Complete MS biosignature development will be crucial, which could lead to the use of serum levels of neurofilament light chain, GFAP, along with the established MRI markers of disease progression to monitor disease advancement instead of waiting for the clinical worsening [30,31]. It is also essential for clinicians managing patients with SPMS to improve collaboration and referral pathways as patients display multiple symptoms and potential organ toxicities due to DMTs. The recent emergence of oral medications, an easier mode of administration specifically approved for SPMS, offers new therapeutic options and potentially improved treatment adherence. Neurologists also discussed the potential of combination therapies that would reduce inflammation and simultaneously improve myelin regeneration; however, such therapies are not anticipated in the near future.

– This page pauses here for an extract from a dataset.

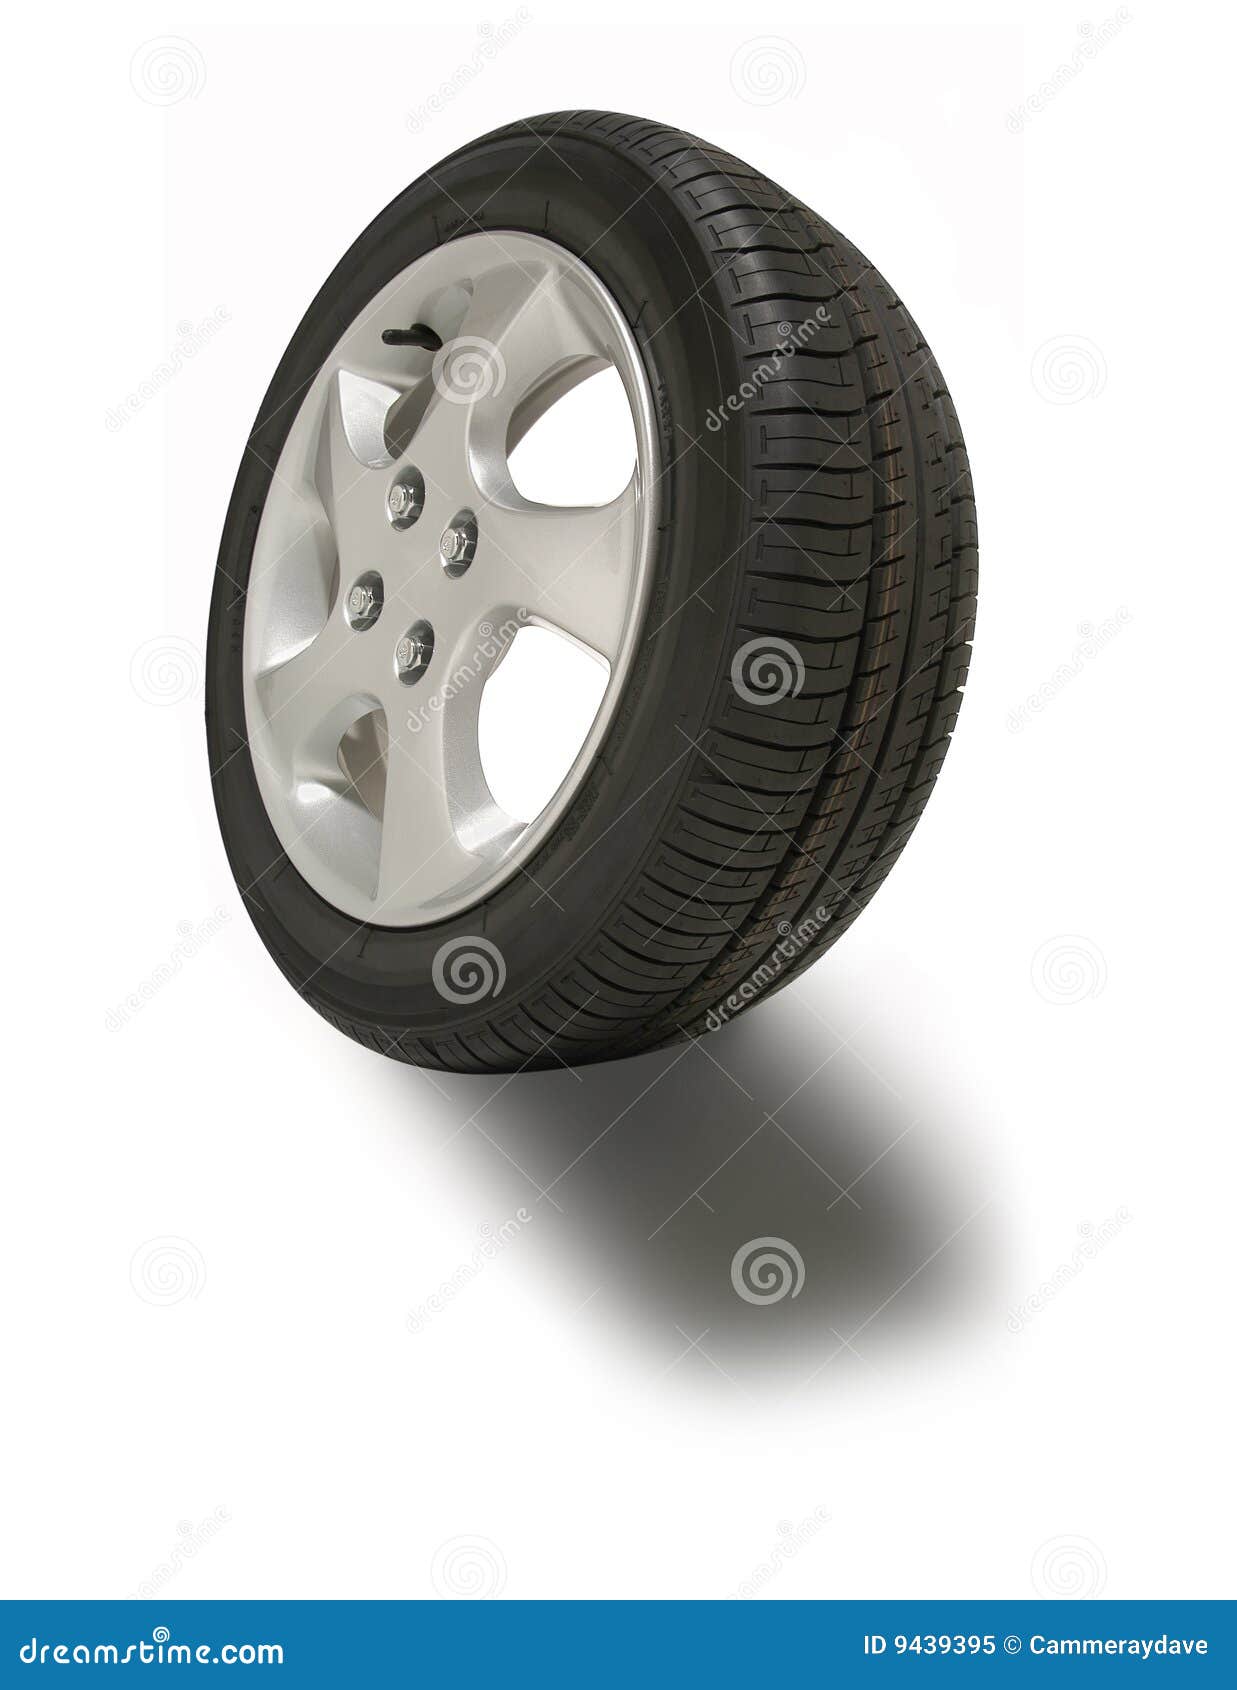 mag wheel tire tyre

The outcome of pipeline products for SPMS remains uncertain, predominantly due to the lack of treatment sequencing and the prospects of overlapping drug labels. For novel SPMS drugs, the indications to include younger as well as older patients remain an enigma owing to the lack of evidence. Positioning of potential DMTs for SPMS would ideally be based on populations investigated in controlled settings. Clear communication of the value of DMTs will be key for optimizing price and reimbursement. For emerging therapies in SPMS, a detailed analysis of the clinical profile is essential to make a precise price assessment [30]. Moreover, studies on the possibility of using RRMS drugs for SPMS have revealed unsatisfactory outcomes [31–34].

The reduced efficacy of RRMS biologics in SPMS is unlikely to have an impact on the price potential of therapies specifically approved for SPMS, as drug prices are compared within the same indication. However, due to budget constraints, the emerging oral therapies for SPMS are most likely to compete with interferons on drug price and should be priced lower than ocrelizumab; for instance, to secure access at both national and regional levels across the major countries in Europe.

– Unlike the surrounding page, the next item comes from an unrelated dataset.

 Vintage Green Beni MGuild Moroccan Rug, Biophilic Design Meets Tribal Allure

Patient access to novel effective treatment options will facilitate and encourage the diagnosis of SPMS. Therefore, it is fundamental for drug developers to explicitly communicate the added value of new drugs and make the information readily available to patients and stakeholders involved in SPMS patient care. Pharmaceutical companies can substantiate treatment usefulness through RWE generation and obtain broad access for patients with SPMS. The long-term cohort data would be helpful to validate the use of digital tools and aids [35].

Limitations

This is a qualitative research study. The participants responded to the questions and provided their feedback based on their expertise. We included a panel of 58 local experts, randomly selected from seven European countries, to get a balanced regional view; however, it would be beneficial to include the opinions of the stakeholders from other countries as well. The perspectives of SPMS patients and caregivers were not included in this expert panel discussion.

Conclusion

The perception of MS as ‘one disease’ has undergone a paradigm shift, with no clear differentiation between RRMS and SPMS. Ambiguity also exists regarding the definition of SPMS and identification of active versus nonactive forms of the disease. Although there are a number of challenges in clinical management (diagnosis and treatment) of patients with SPMS, it is evident that the collaborative efforts of the associated stakeholders (neurologists, nurses, caregivers, payers, patients and the pharmaceutical industry), along with advances in the understanding of SPMS pathophysiology and diagnostic criteria, robust assessment guidelines, enhanced disease awareness and availability of RWE in the future, will allow for optimal care that will improve the quality of life of people living with SPMS.